The graphite particles appear in cast irons in different forms ranging from flakes and clumps to spheroids. Gray, ductile (nodular), and, to a lesser extent, the malleable and compacted graphite irons are four groups of cast irons that more frequently undergo induction hardening.

Gray cast irons, being relatively inexpensive metallic materials with remarkable castability and machinability, excellent wear resistance, and resistance to galling and seizure/spalling (graphite flakes provide solid lubrication) are very attractive for a variety of applications.

Figure 2: Ductile cast irons consist of graphite in shapes of spheroids or nodules (right). Graphite particles of gray irons appear in 2D metallographic examination in flake-like form (left) [1].
It is quite easy to distinguish gray irons from ductile irons. Ductile irons consist of graphite in shapes of spheroids or nodules (Figure 2, right). In contrast, graphite particles of gray irons appear in 2D metallographic examination in flake-like form (Figure 2, left).

Induction Hardening of Gray Cast Irons

The properties of gray irons and their ability to be induction hardened greatly depend on the type of the matrix structure (e.g., ferritic, ferritic–pearlitic, or pearlitic). Cast irons with a ferritic matrix or predominantly ferritic matrix are commonly considered unsuitable for rapid IH due to the lack of ability to obtain the typically needed hardness levels. Fully pearlitic or predominately pearlitic (e.g., a mixture containing 90 percent pearlite and 10 percent ferrite) gray irons have better response to IH compared to a matrix with an increased amount of ferrite.

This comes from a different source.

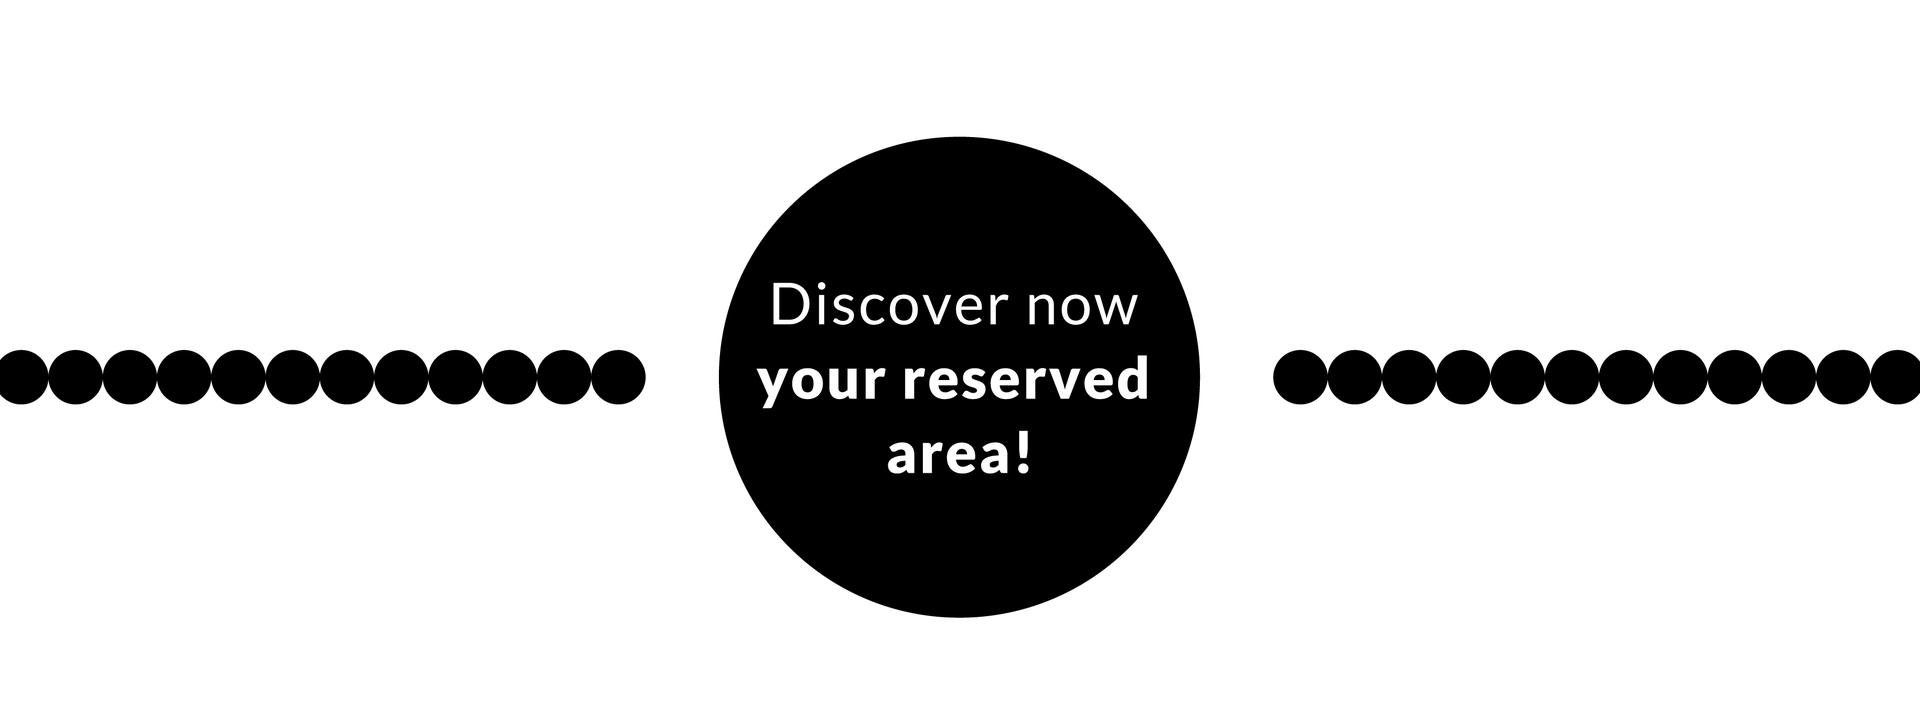 Discover now your reserved area!

Fine graphite flakes that are uniformly distributed and randomly oriented (type “A”) are the most preferable type of flakes for IH [1]. Being stress-risers, graphite flakes may act as crack initiation sites presenting some brittleness and introducing certain challenges because of the tendency toward cracking upon rapid heating as well as during intense quenching in particular when dealing with complex geometries. Preheating and the use of moderate intensity quenchants may be applied to reduce thermal stresses.

Figure 3: Unitized machine for IH of gray iron cylinder liners for commercial vehicle engines (Courtesy: Inductoheat Inc., an Inductotherm Group company).

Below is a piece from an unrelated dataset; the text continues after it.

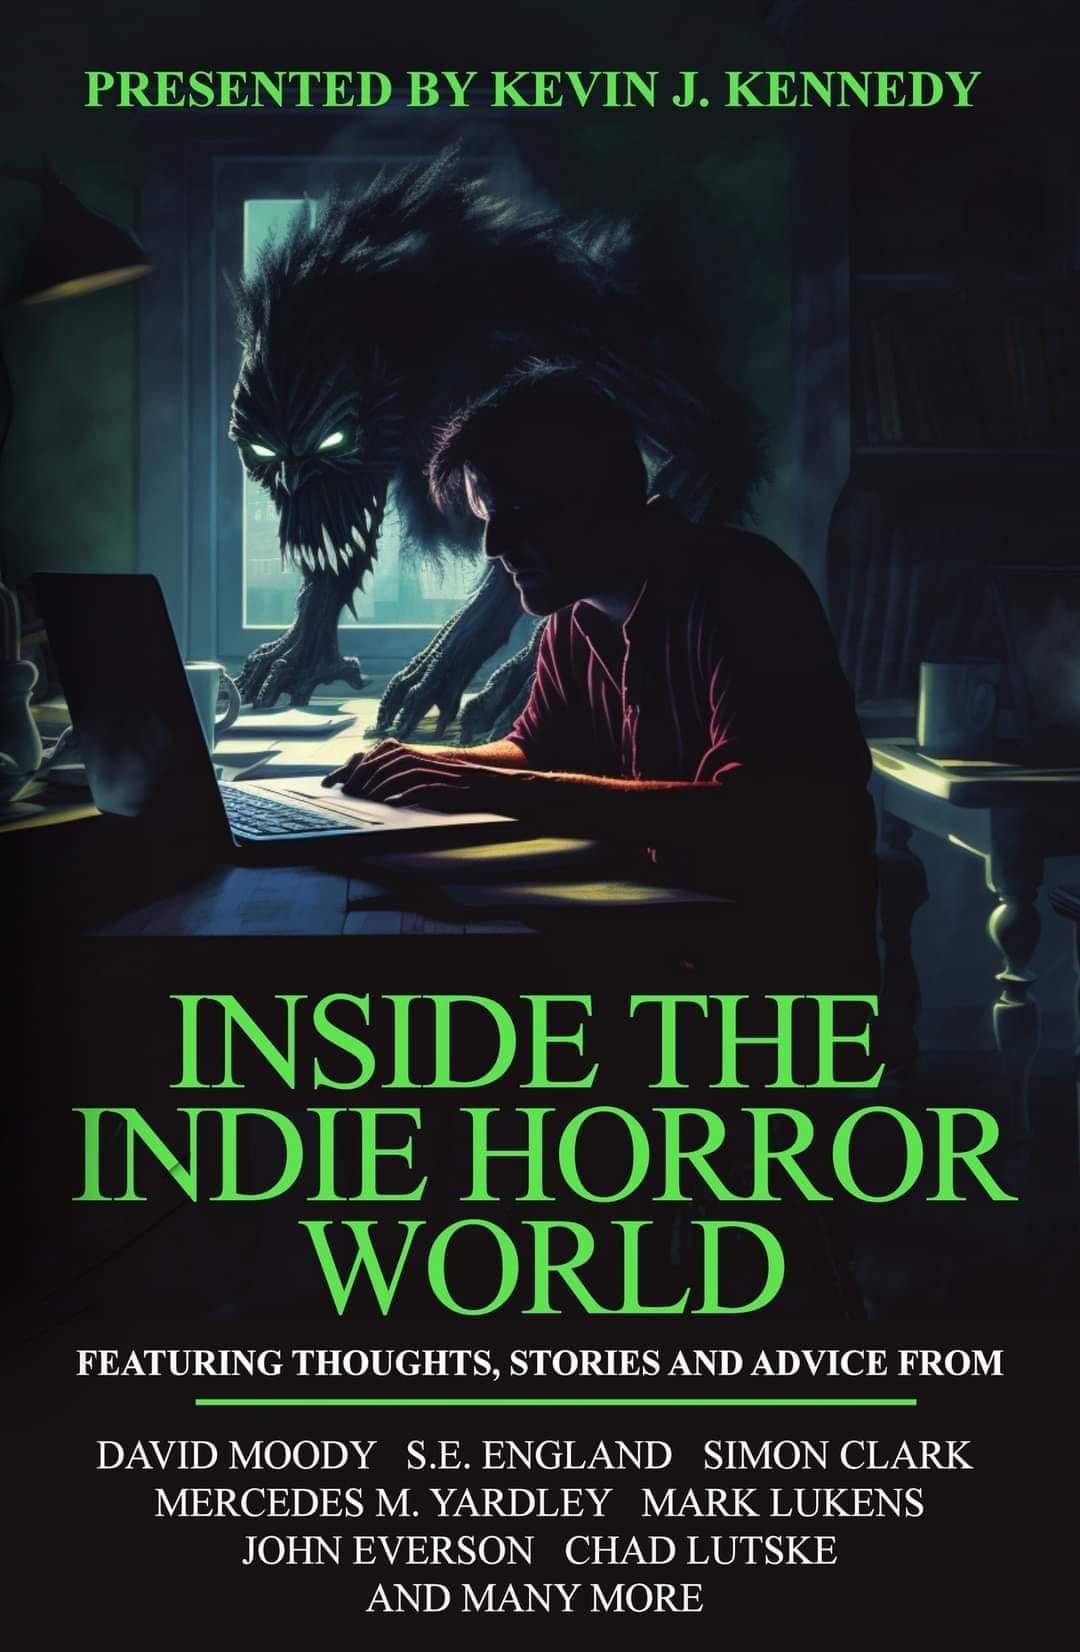 Inside the Indie Horror World is Free!

At the same time, there are cases when gray irons have been successfully surface-hardened using a short heat time (less than 3 seconds) and water spray quenched. As an example, Figure 3 shows a unitized machine for IH of gray iron cylinder liners for commercial vehicle engines. It combines two independently operated heat stations for hardening and tempering. High-speed, servo-driven scanning assemblies and an optimized process recipe allow very short heating times and production rates as high as 50 liners per hour. Hardness case depth is 0.75 mm (0.03 inches). The entire inner surface of the liner is hardened except for a 6-mm (1/4-inches) band at each end with minimum distortion.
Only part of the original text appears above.